Speaking to the committee, Dr Kieran Sharrock, deputy chair of the British Medical Association GP committee for England, said: “One in five GPs has been the butt of abuse as a result of the recent campaign against general practice. Dialling down the rhetoric against general practice is really important if you want to retain and recruit GPs. We have to be honest with the public about what general practice is delivering now, not what it should be delivering – clearly a 10 or 20-year plan is needed for that, including a workforce plan – but at the moment we can’t provide the care to the level we want to. We need the Government to support us and say, ‘This is what your GP can do at the moment because of the rise in demand, the huge backlog and the loss of staff. That might actually make the profession feel supported. I have a member of my staff who burst into tears after having abuse from a patient and we have to have zero tolerance of that.”

He added: “The evidence is that actually GPs throughout the pandemic did, and currently are, seeing patients face-to-face – with 70% of our appointments being just that. And that’s with more patients on our books and less staff to see them. Over the past year, England alone has lost the equivalent of 279 full-time, fully qualified GPs.”

Royal College of GPs chair Professor Martin Marshall said GPs, in effect, have just two or three minutes to deal with each health issue. They are having to spend increasing amounts of time supporting patients on the six million strong waiting list, he said. He warned that 34% of GPs plan to retire over the next five years. He said: “That would be 14,000 fewer GPs than we have at the moment. So, we’re likely to be losing more GPs than we’re recruiting and that is a massive crisis.”

Recently retired GP Dr Andrew Green said: “We need to accept that 10-minute appointments are not safe. The only way that you can run a 10-minute appointment surgery on time is by cutting corners. Experience helps that process, but we are deluding ourselves if we think that we’re always safe. One of the things that made me finally give up normal clinical work was the feeling at the end of the day that I wasn’t happy with the work that I’d done because I couldn’t fit what the patients needed into the 10-minute appointments.”
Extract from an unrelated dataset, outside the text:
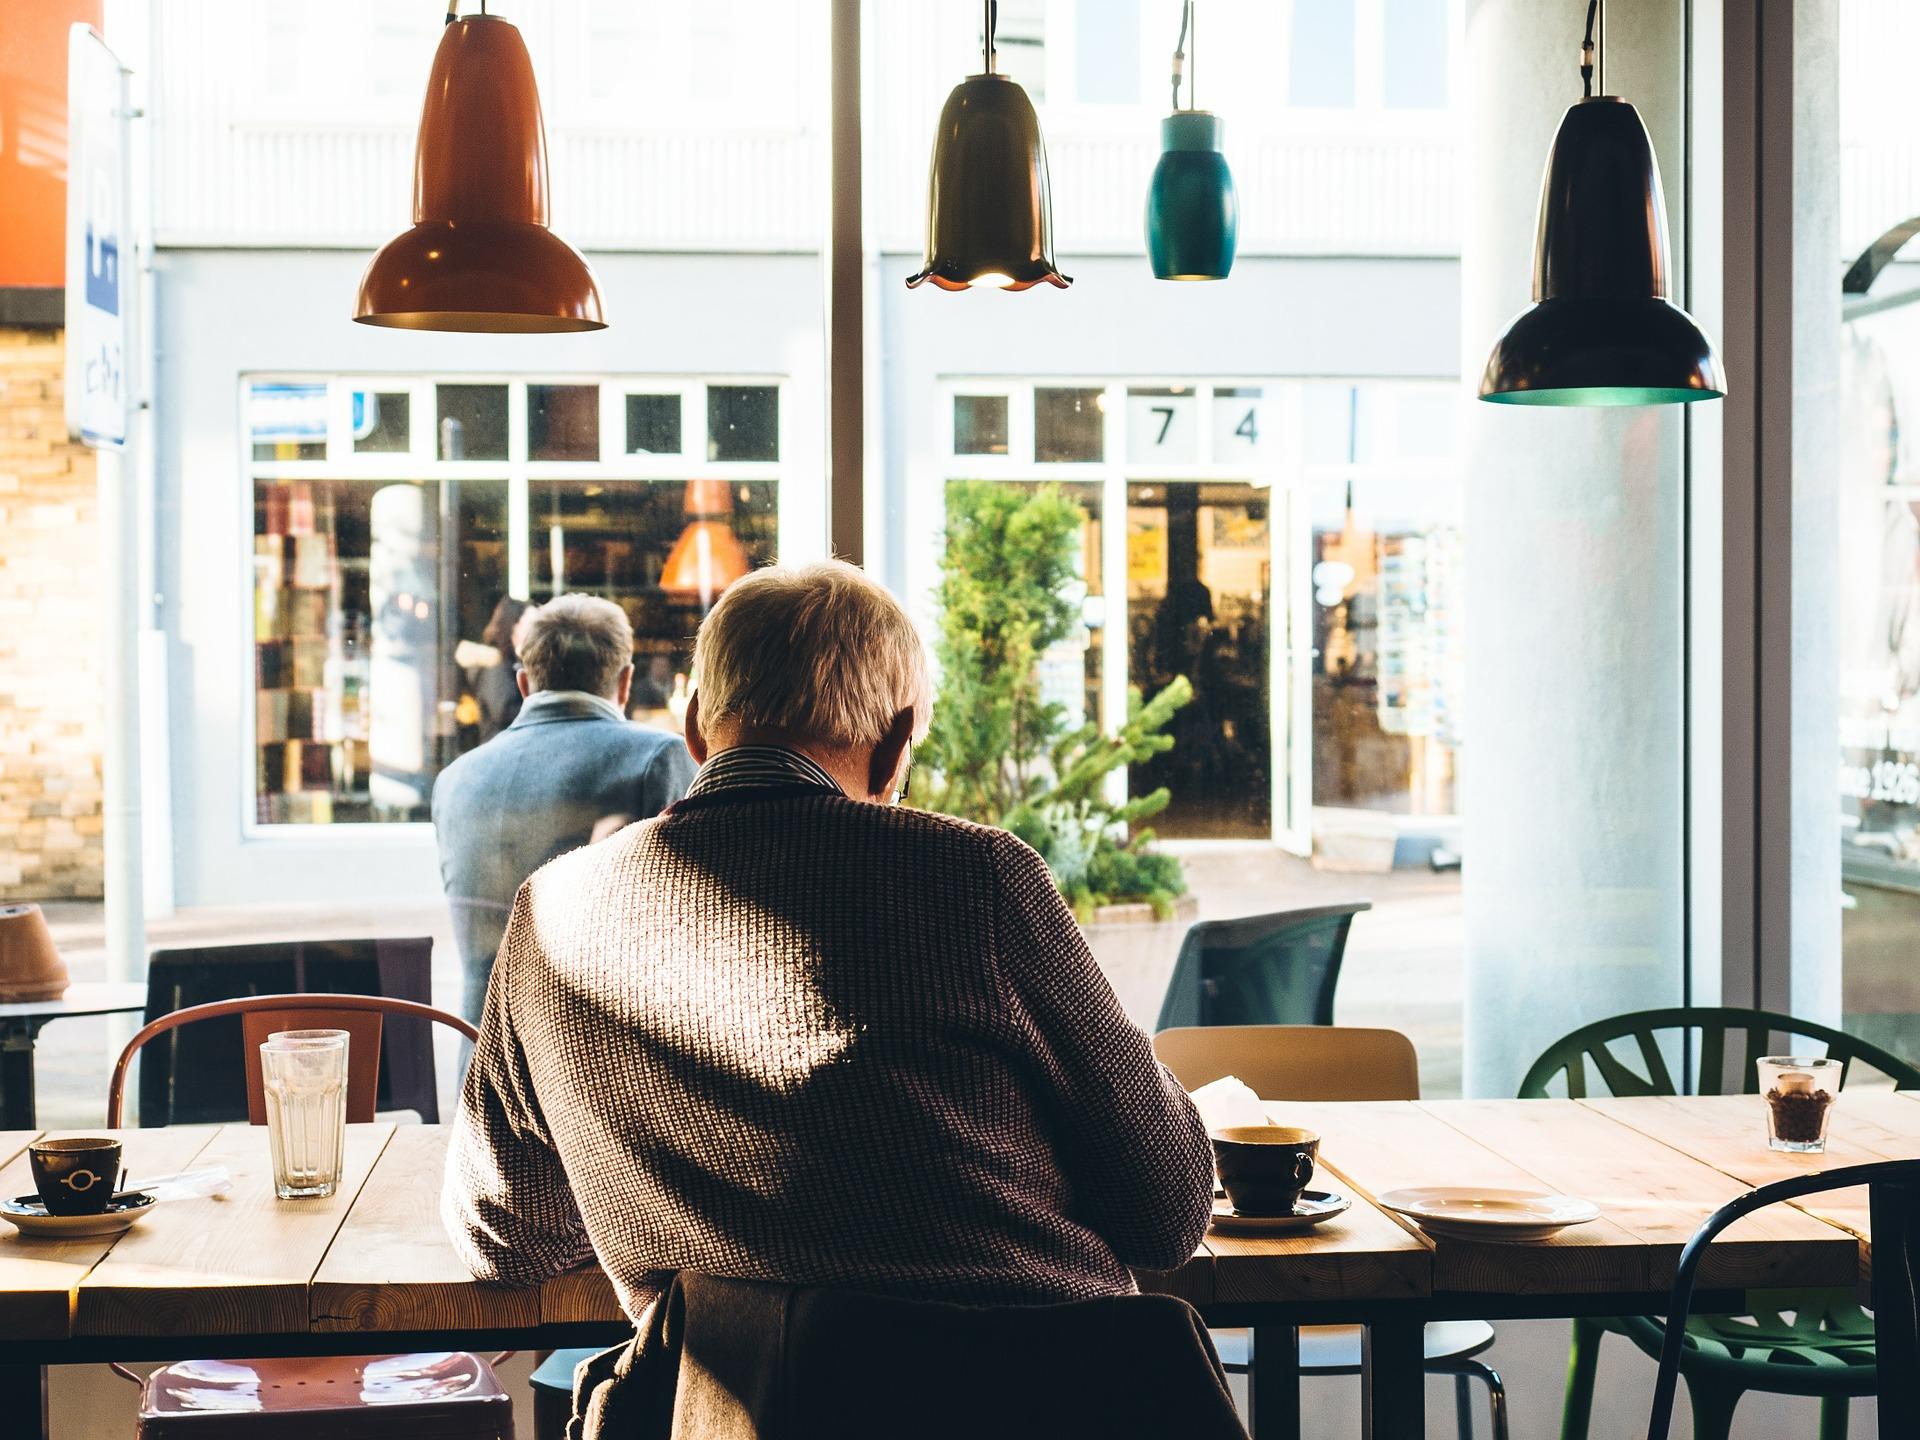 66歳以降の雇用は中小企業のほうが多い~厚労省「高年齢者の雇用状況」調査結果

Committee chair Jeremy Hunt concluded: “We’ve taken away some short-term solutions. I think though we also have heard loud and clear that unless we have a long-term plan to give hope that the capacity of the system will start to match the demands on GPs’ time, then in the end we’re not going to really give credible optimism for the future to the new generation of GPs, and that’s certainly something we want to think about as a committee.”